Tuesday, January 11, 2011


I don't recall who turned me on to Mr. Constance's excellent little tome, but it's fantabulous. Constance was an intelligence officer working for the English who occasionally got locked away for extreme manic depression. His descriptions of the states is certainly the best I've read--I liked it much more than either Darkness Visible or An Unquiet Mind. To be fair, however, I should point out that Madness, Wisdom, and Folly is not simply a memoir of madness. Its subtitle is, after all, "The Philosophy of a Lunatic."

And what a philosophy! The opposite poles of his disorder, combined with the crisp intelligence and far-ranging knowledge of a true intellectual, gave Mr. Constance a unique and entertaining take on not only his disease, but the cycles of history and the troubling duality of existence.

Readers of Aldous Huxley or Jung or Spengler might find much which is familiar here, but Constance argues clearly his belief in a sort of Negative, feminine unitive consciousness associated with the Unconscious, and its contrary Positive, masculine divisive consciousness associated with the modern Western mindset, and he succinctly explains these ideas and their influences on individuals and civilizations.

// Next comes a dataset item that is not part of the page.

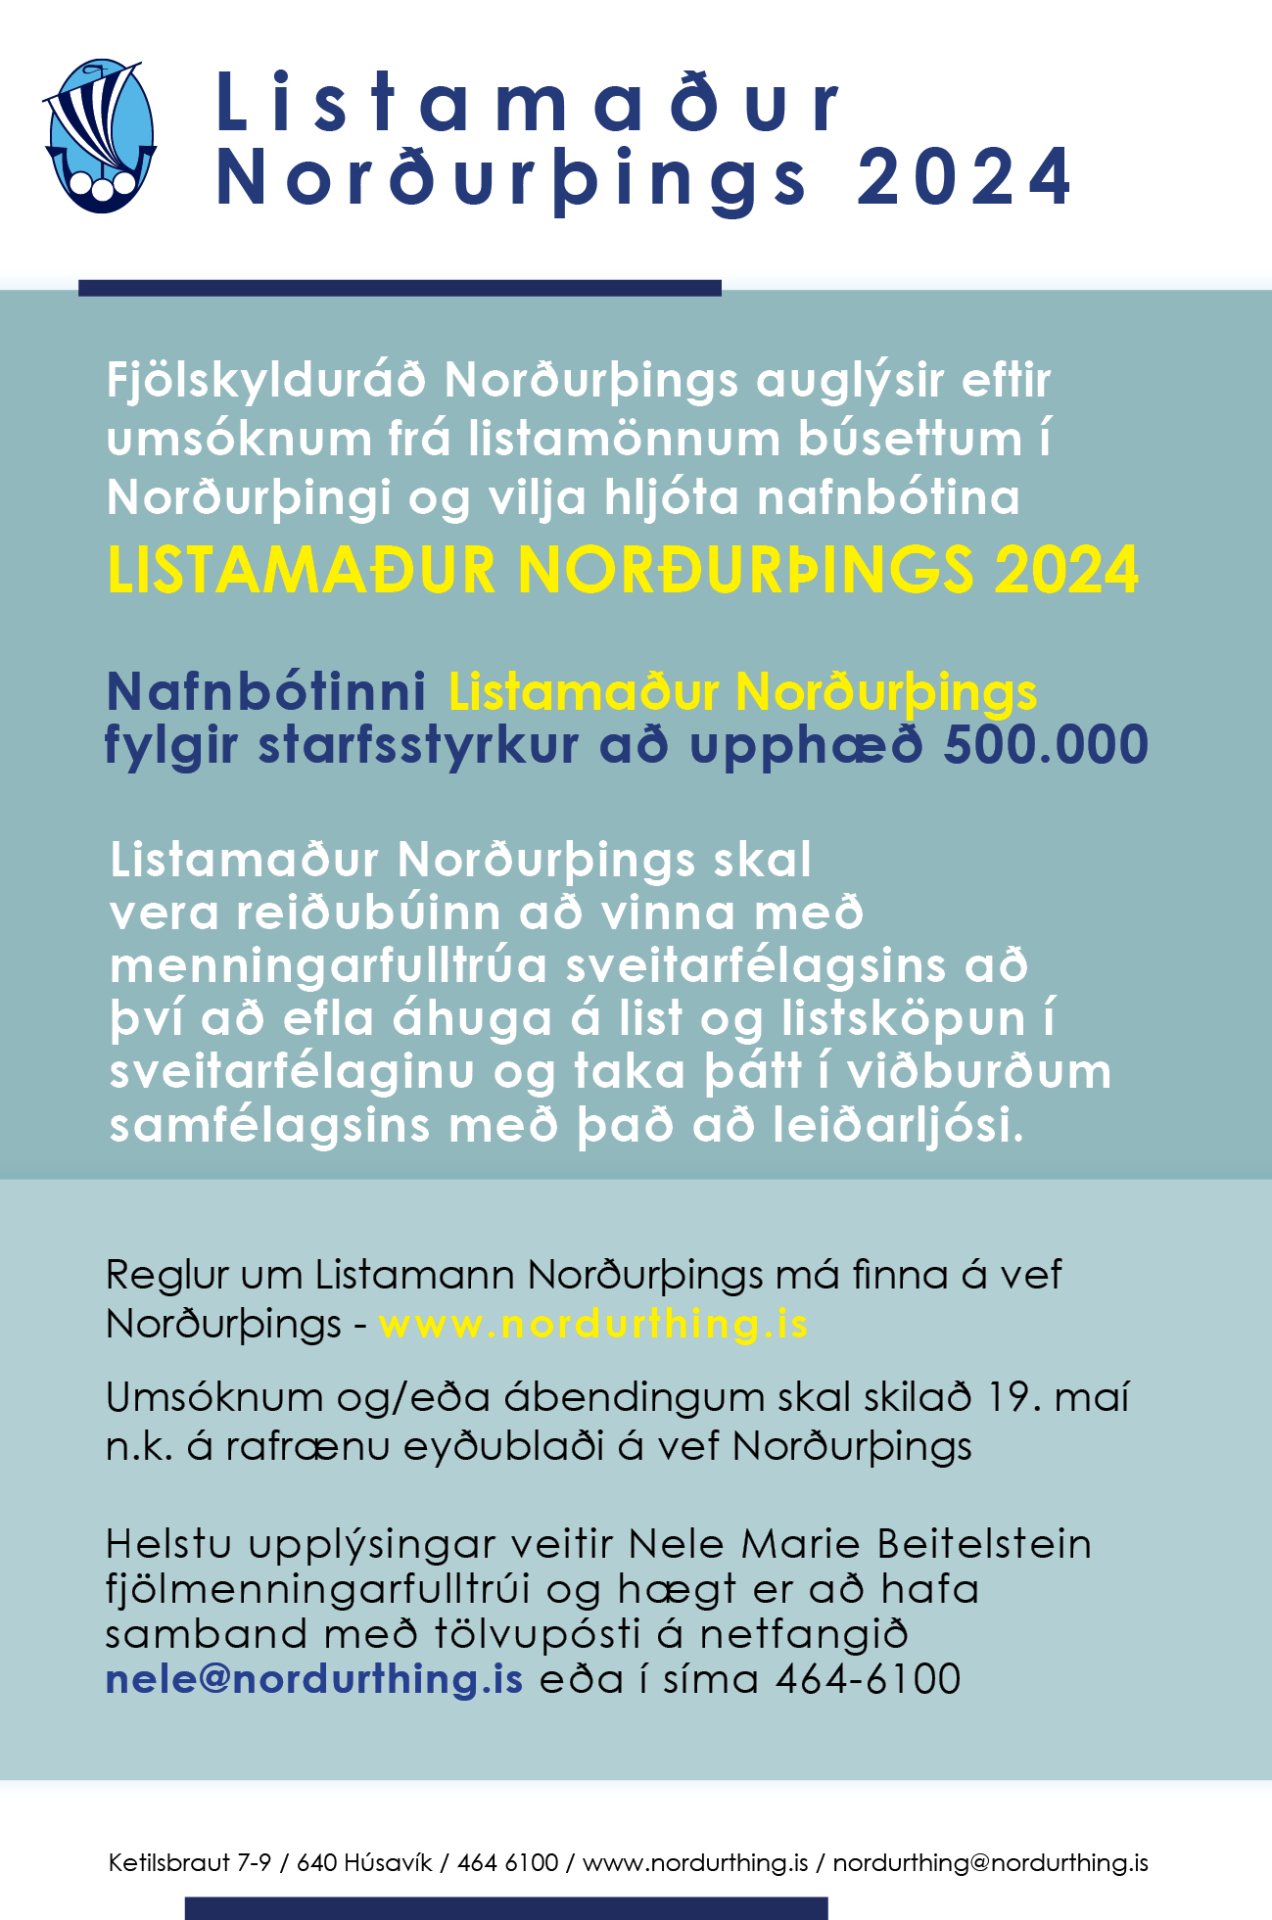 Listamaður Norðurþings 2024 - opið fyrir umsóknir

Then things go a bit haywire with his prophetic visions--but they're great and entertaining, even though they were to come to pass in the '60s, and let's just say he either misinterpreted them or they were (as he suggested might be the case) simply the ravings of a certified lunatic; as far as I know Stalin was not arrested and tried for crimes against humanity in Vienna following an atomic holocaust. But as Constance writes in his philosophy, it doesn't matter if things are really real, so long as they are Actual to someone they are true.